# application apn sans fil ?



## chnoub (18 Octobre 2012)

je cherche a transformer mon iphone en APN ou scanner sans fil, connecté en wifi a mon mac: je clic, la ptoto se retrouve sur le mac DIRECTEMENT sans autre manip... ca existe??? (en lancant les applications sur l iphone et le mac évidement)


----------



## Gwen (18 Octobre 2012)

Facile avec le partage de photo.
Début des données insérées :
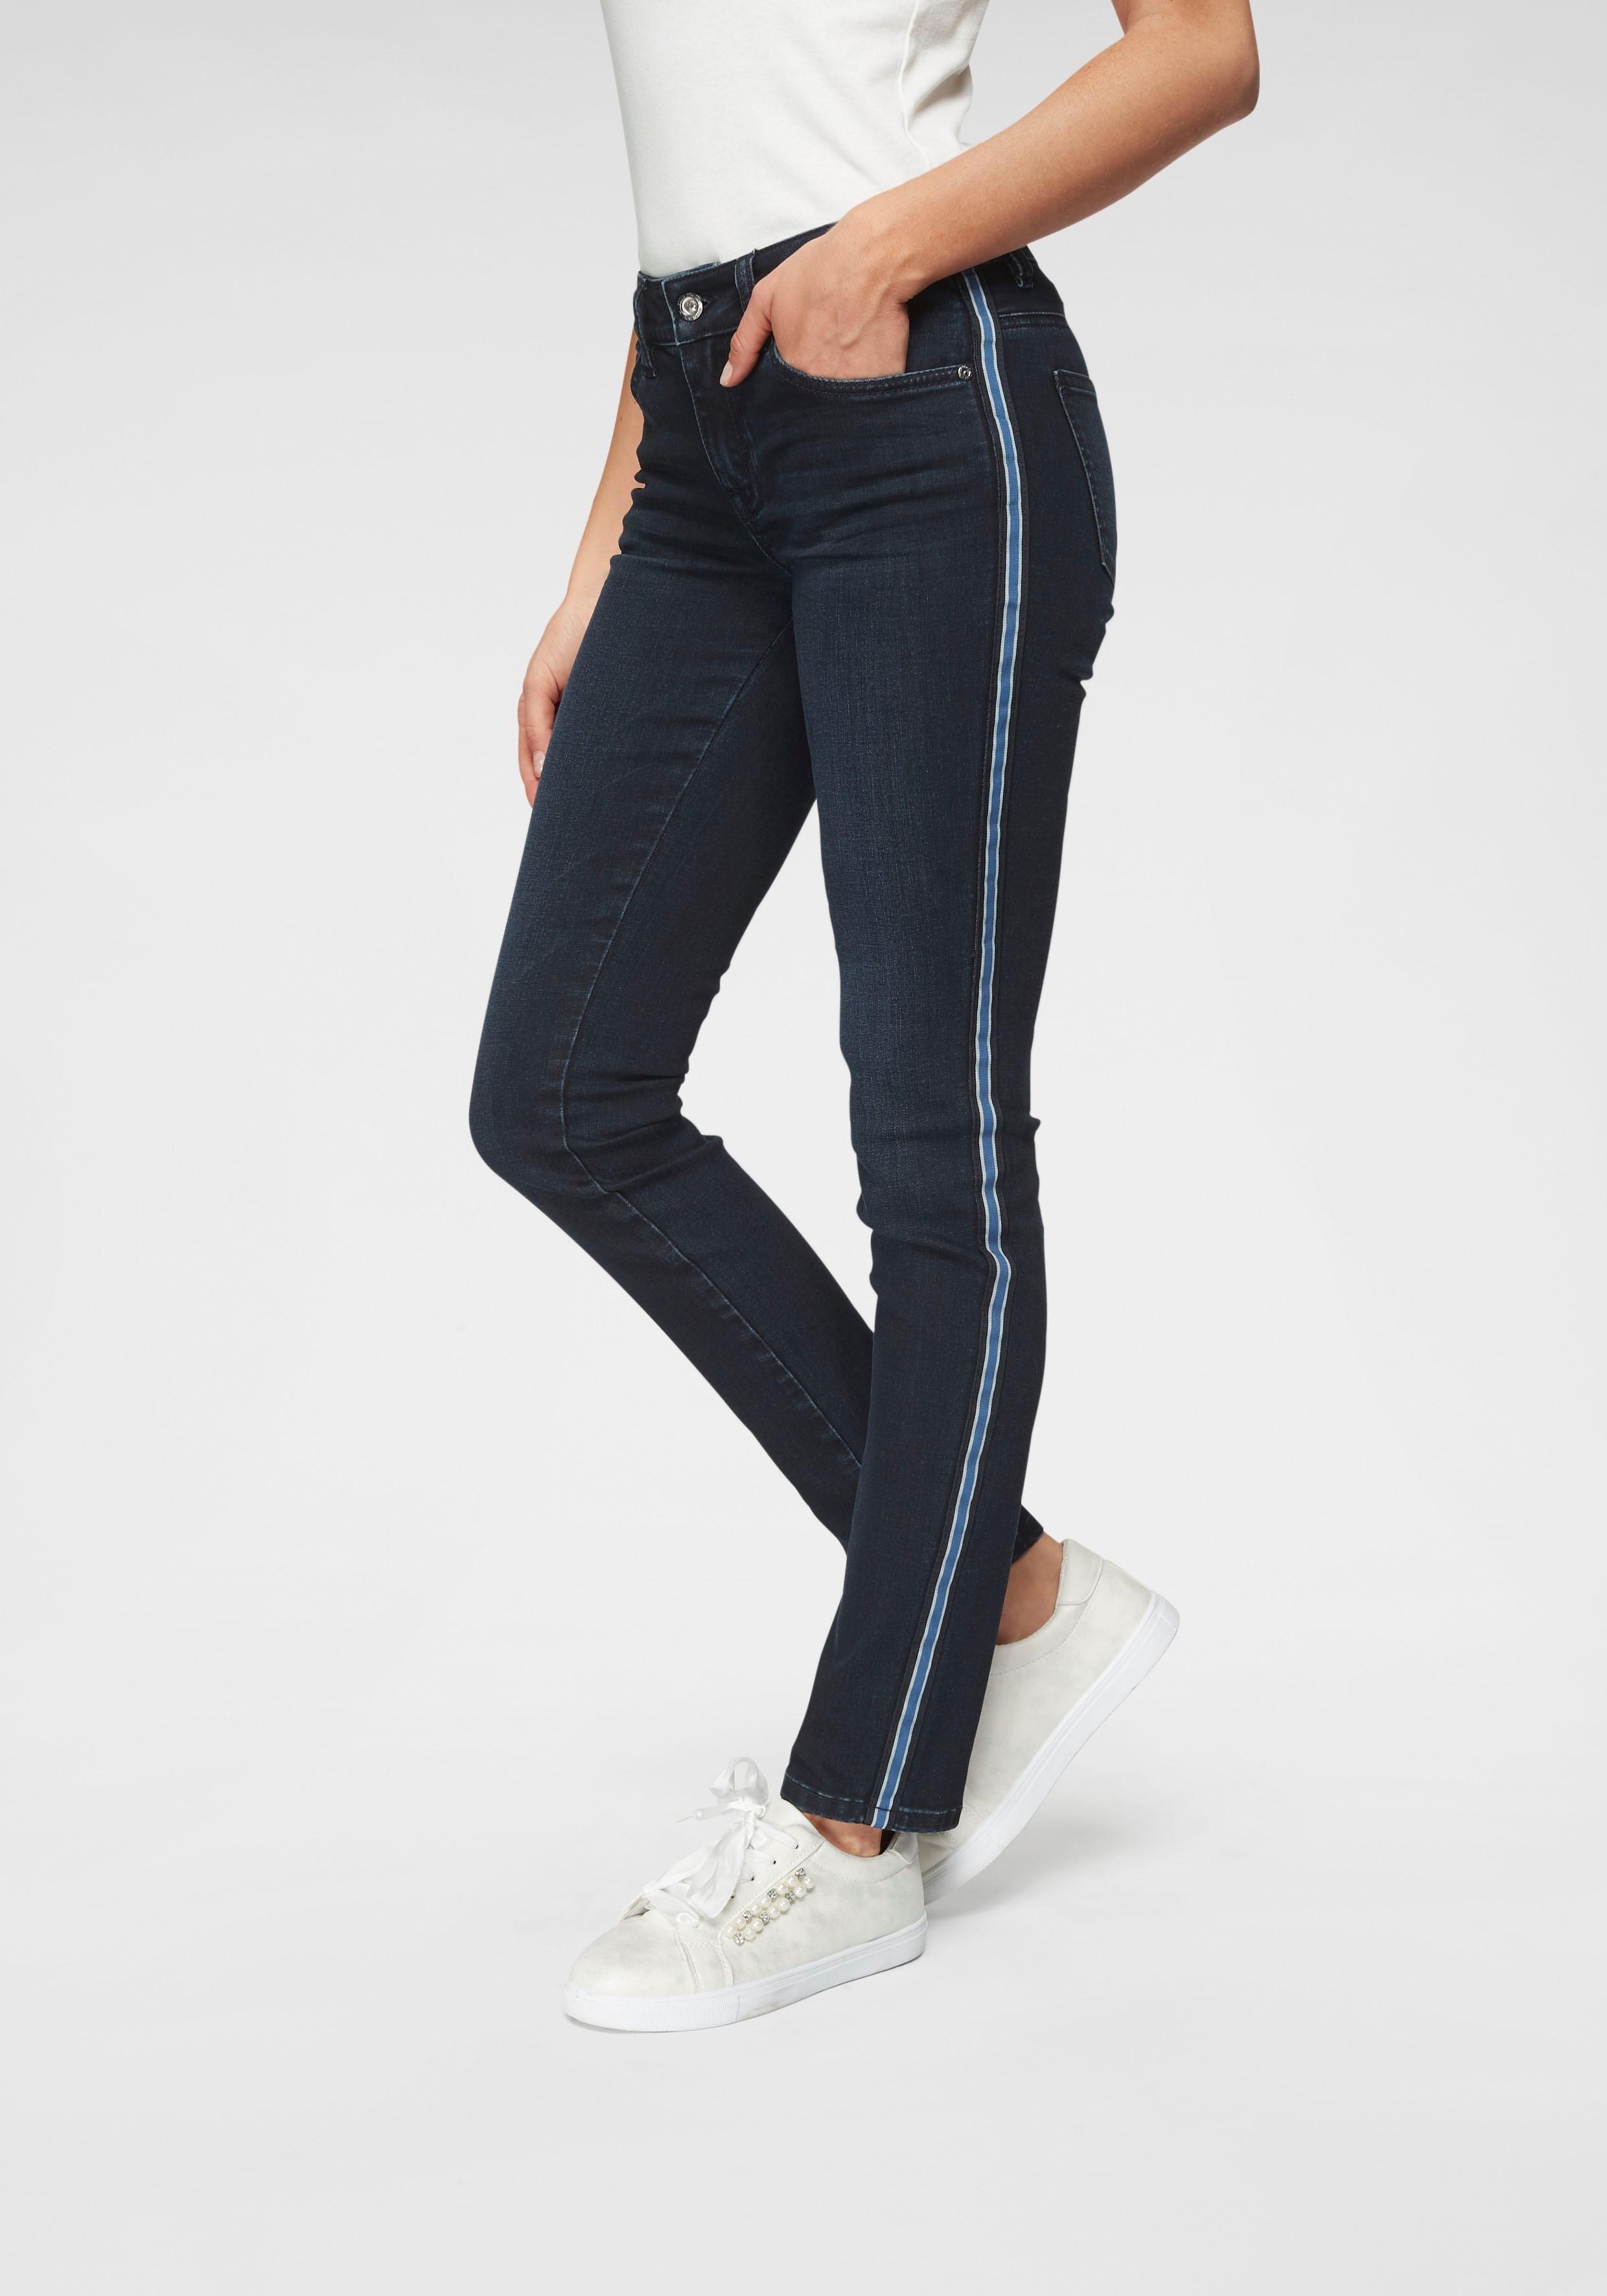 tom tailor skinny jeans online shop otto. Black Bedroom Furniture Sets. Home Design Ideas

Toute image prise avec l'iPhone s'enregistre sur iCloud et est transmise immédiatement à iPhoto.

C'est tout en natif.


----------



## chnoub (22 Octobre 2012)

yes; la reponse dans l'absolu est bonne sauf que je veux pas polluer mon iphoto sur mon macbook air qui me sert pour le boulot  j'ai donc désactivé le partage avec mon iphone! c'est vraiment pour une utilisation de temps en temps; mais j ai trouvé la solution de dropbox en attendant: depuis l appli iphone je peux ajouter une photo dans un dossier dropbox.
avec la photo prise par une appli scanner, j ai en plus l'OCR, et le redressmeent si j ai pris de travers, ce que ne fais pas iphoto


----------



## Gwen (22 Octobre 2012)

Dropbox marche bien également. Je l'utilise régulièrement. Bonne idée.


----------